16. Deinocheirus: “Terrible Hands” Lead to Big Surprises
17. Velociraptor: “Terrible Claws” and the Dinosaur Renaissance
18. Sinosauropteryx: Feathered Dinosaurs and the Origin of Birds
Part IV. Horns and Spikes and Armor and Duck Beaks: The Ornithischians
19. Heterodontosaurus: The Origin of Ornithischians
20. Stegosaurus: The “Roofed Lizard” and the Thagomizer
21. Ankylosaurus: Armored Dinosaurs and “Mr. Bones”

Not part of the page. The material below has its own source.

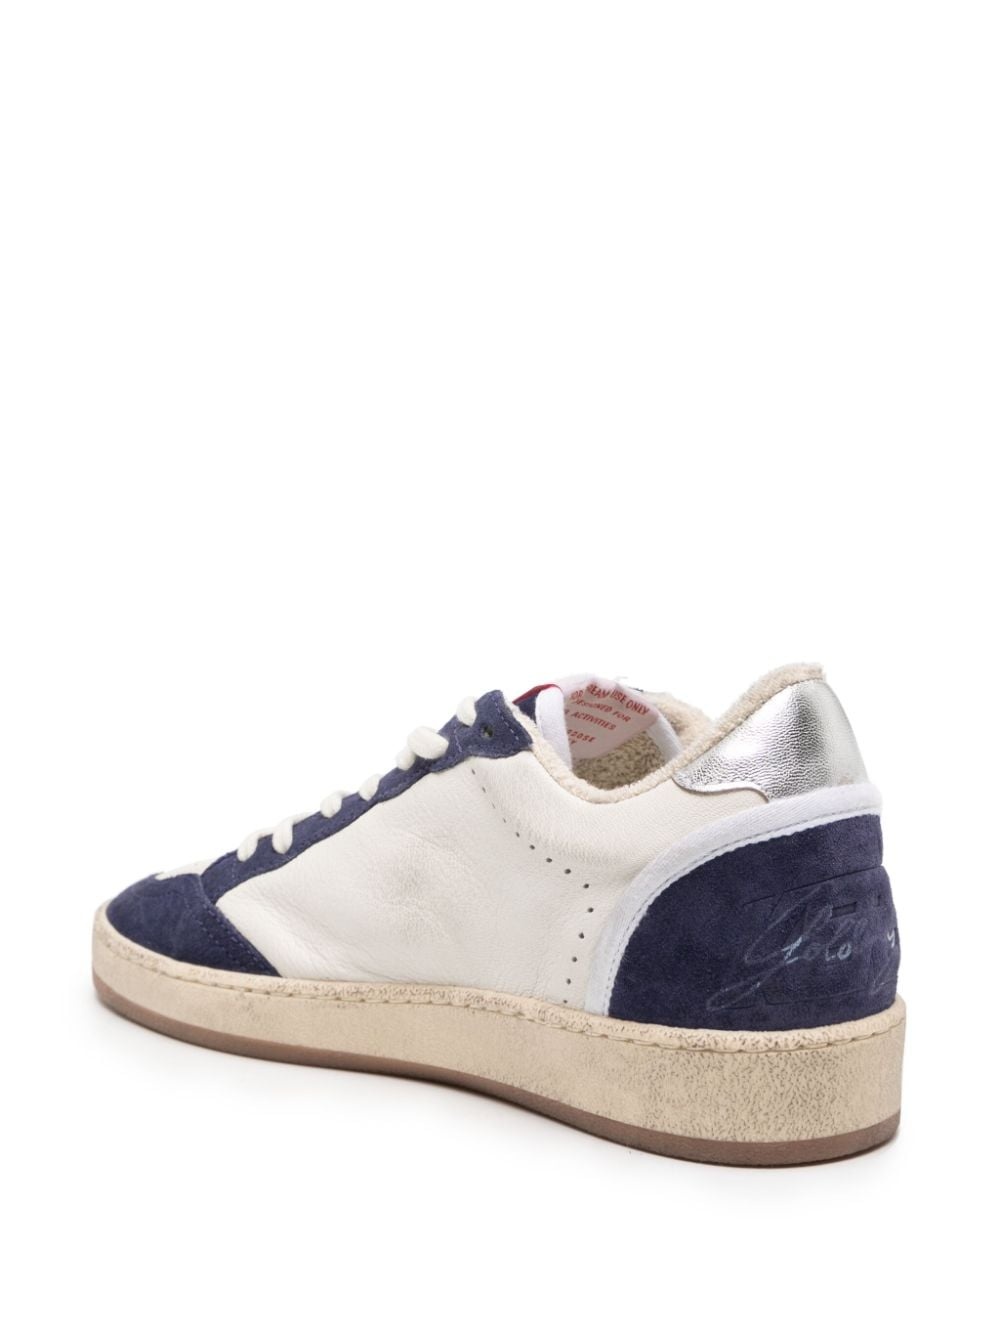 Ball Star leather sneakers - 3

22. Corythosaurus: Duckbills with Headgear
23. Stegoceras: The “Unicorn Dinosaur” and the Boneheads
24. Protoceratops: The Griffin Legend and the Origin of Horned Dinosaurs
25. Triceratops: The “Dinosaurian Bison” and the Last of the Dinosaurs
4 thoughts on “New Prothero: Twenty Five Dino Discoveries”
I’ve read and often refer to several of Dr. Prothero’s books. Even those of us with advanced degrees can learn a lot from them if our degrees are in other specialties or are more than a few years old.
The existence of excellent, accessible, up to date, and interesting books on geology and paleontology by Don Prothero and others (Peter Ward comes to mind) makes it all the more difficult to understand why ignorance of science is so widespread in the U.S. (and seems to dominate one particular U.S. political party. Wilful ignorance it seems to be.